Jack came to ADP from Oracle, where he was Vice President, Products and Data Science for Oracle’s Adaptive Intelligence program. In this role, he oversaw the market, technical and sales strategy for Oracle’s suite of next-generation intelligent applications, combining web data, data science and platform cloud computing. Previously, he oversaw product strategy for analytics in Oracle’s cloud applications, and product management and strategy for Oracle’s analytics portfolio.
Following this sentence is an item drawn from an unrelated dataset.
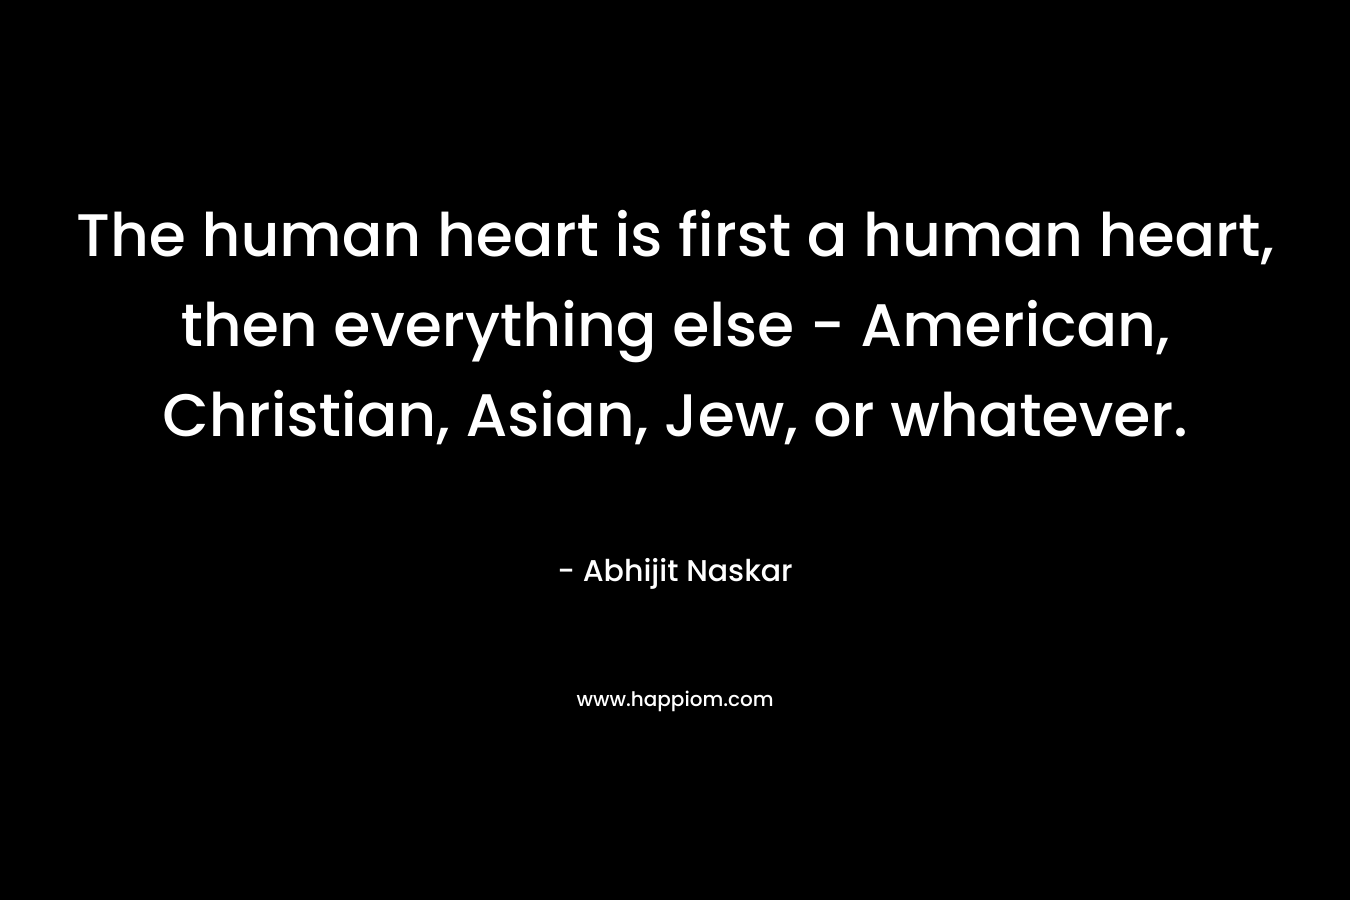 The human heart is first a human heart, then everything else - American, Christian, Asian, Jew, or whatever.

Prior to Oracle, Jack spent 20 years in both product development and implementation of intelligent information systems, most recently involved in web-scale search and recommendation systems, data-driven applications and the Semantic Web. He has been on the executive team of four startups involved in search, reasoning or meta-data-driven applications (Attivio, Siderean, Cerebra and Reef Software) and he co-founded edapta, which enabled dynamic user interfaces and personalization for mobile and web clients. Jack has delivered solutions for a wide range of Global 50 clients, spanning financial services, consumer web, and healthcare. Early in his career, he was involved with DARPA- and FAA-sponsored programs for user experience and intelligent systems, FAA Aviation Security, and the certification of the B777 flight deck.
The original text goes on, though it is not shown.